:: STORED DATA ::

——————

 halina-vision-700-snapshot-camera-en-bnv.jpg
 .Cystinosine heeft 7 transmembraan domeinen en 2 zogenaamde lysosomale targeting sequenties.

——————

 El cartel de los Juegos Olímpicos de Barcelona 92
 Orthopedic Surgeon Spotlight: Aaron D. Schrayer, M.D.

——————

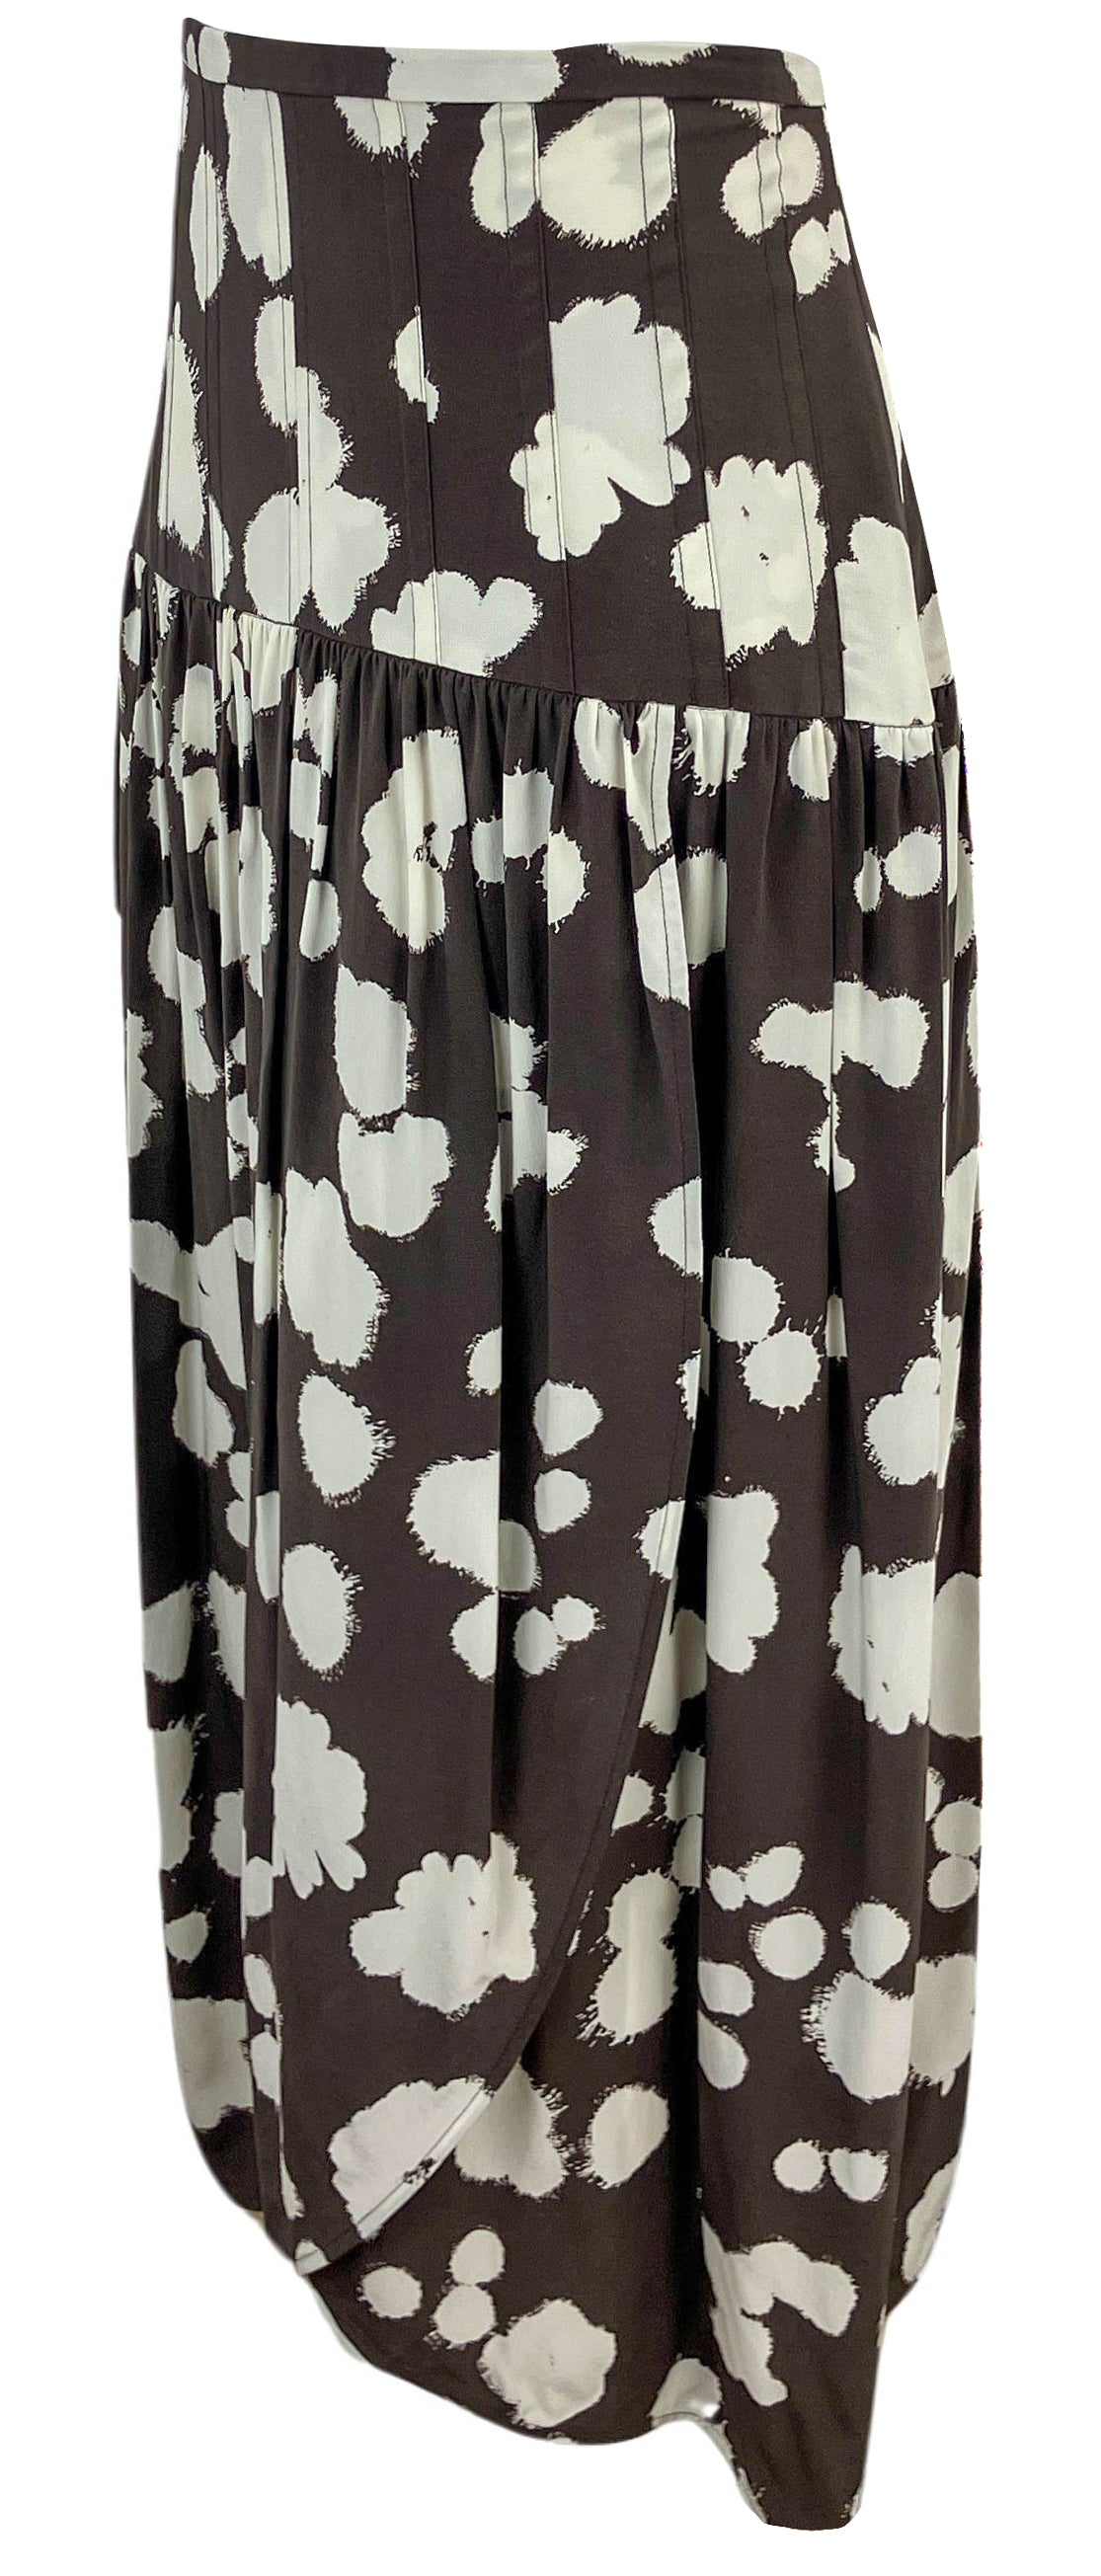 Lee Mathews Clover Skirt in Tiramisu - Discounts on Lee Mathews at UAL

——————

:: HOW TO COMPLETE THIS TASK ::
Once you reach the line with "El cartel de" in the data above, copy it and every line after it exactly, up to and including the line with "Orthopedic Surgeon Spotlight: Aaron".

:: ANSWER FOR THIS EXERCISE ::
 El cartel de los Juegos Olímpicos de Barcelona 92
 Orthopedic Surgeon Spotlight: Aaron D. Schrayer, M.D.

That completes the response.